Allo slang giovanile che Barbieri utilizzava nei suoi scritti degli anni Cinquanta è dedicato un saggio del 2006 di Gianluca Lauta, I ragazzi di via Monte Napoleone, di cui riporto la quarta di copertina:
‘Mi spiace una cisterna, Fuccia, ma la curva (madre) non mi lascia in fuga’. Quando ha avuto inizio il linguaggio giovanile in Italia? Il ritrovamento di alcuni resoconti giovanili di Renzo Barbieri, usciti negli anni Cinquanta da piccolissimi editori, porta alla luce un linguaggio di cui qualche studioso sospettava l'esistenza, ma che, fino a oggi, non era stato possibile documentare. Quello che si presenta al lettore è un glossario, che vuole essere nello stesso tempo una raccolta, di piacevole lettura, di espressioni giovanili dell'epoca. Il linguaggio giovanile degli anni Cinquanta non riguarda ancora tutti i ragazzi italiani; è parlato soprattutto dai Montenapy, cioè da quei giovani ricchi milanesi che frequentavano all'epoca via Monte Napoleone, piazza San Babila, il bar Cova. Lo slang dei Montenapy, cui alcuni linguisti, già negli anni Cinquanta, accennano come a un linguaggio degradato, è stato invece registrato con pazienza da Barbieri e oggi rappresenta la prima testimonianza di linguaggio giovanile in Italia; un linguaggio che, peraltro, fatti i dovuti rapporti storici, appare straordinariamente somigliante a quello dei giovani d'oggi e che sposta alla metà del secolo molte parole ed espressioni che si credevano nate negli ultimi vent'anni.

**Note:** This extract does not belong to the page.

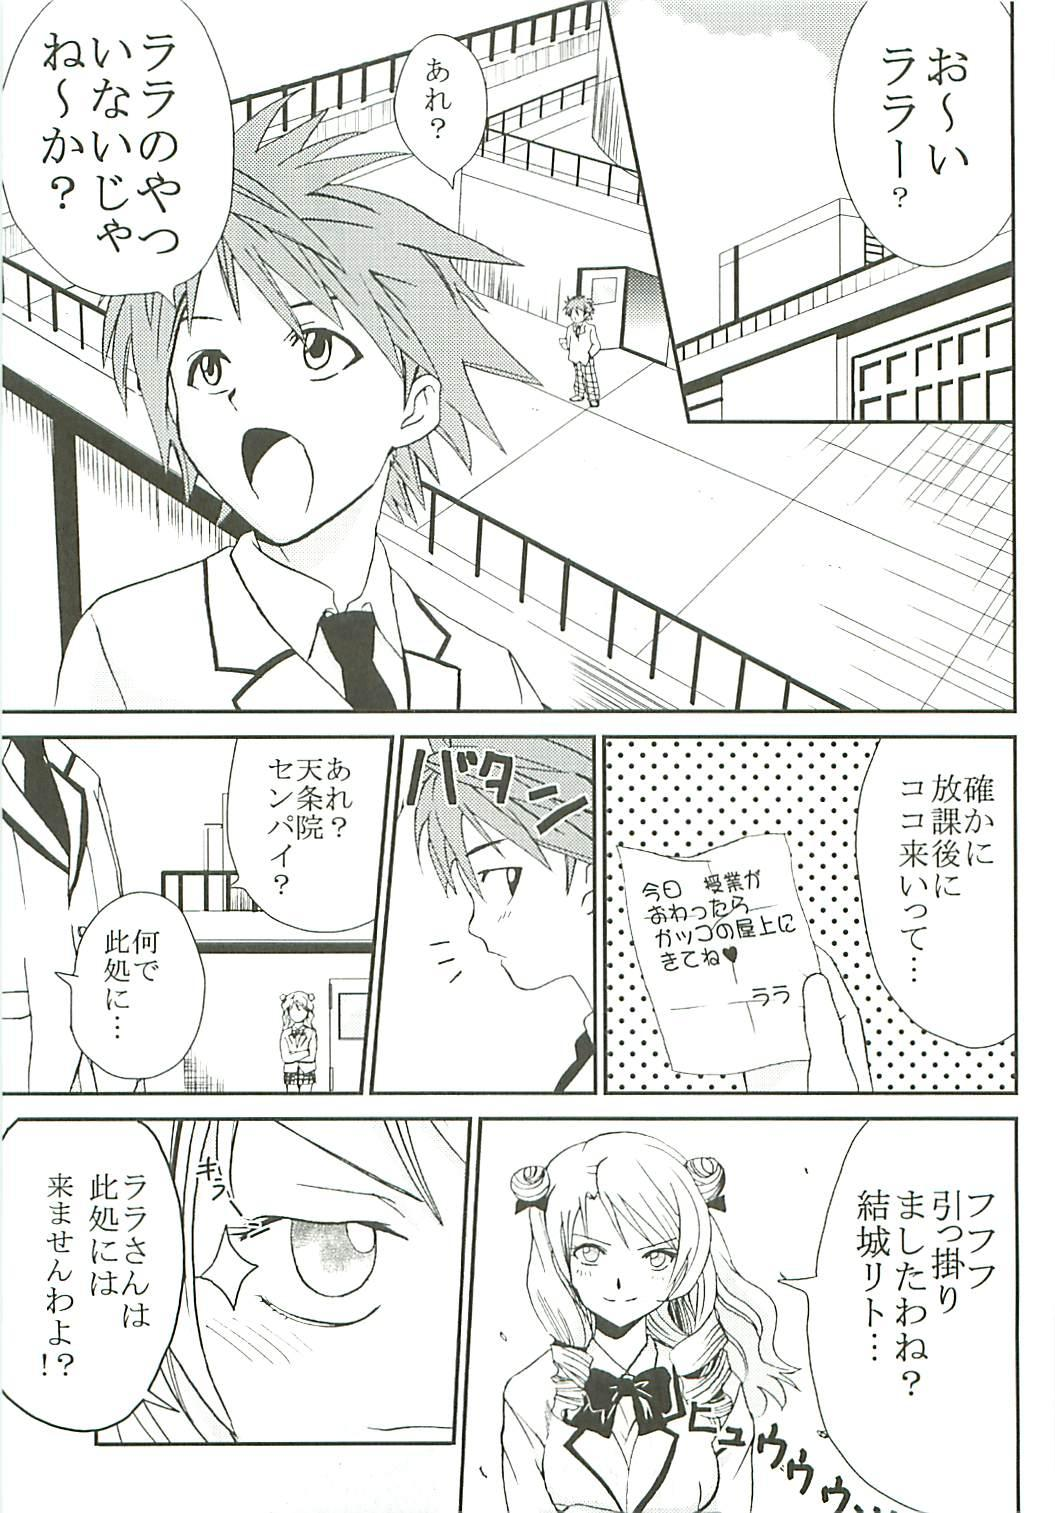 ToLOVE Ryu Vol. 7 33

Gli anni Ottanta si legano ai Cinquanta, come abbiamo sempre saputo. Da quando siamo un feudo americano/da quando c’è internet/da quando esiste la società dello spettacolo/da quando sto invecchiando niente sembra cambiare. Niente mi interessa più, il suono delle parole mi attrae e mi distrae, mi fa passare il tempo, che sembra immobile per sempre.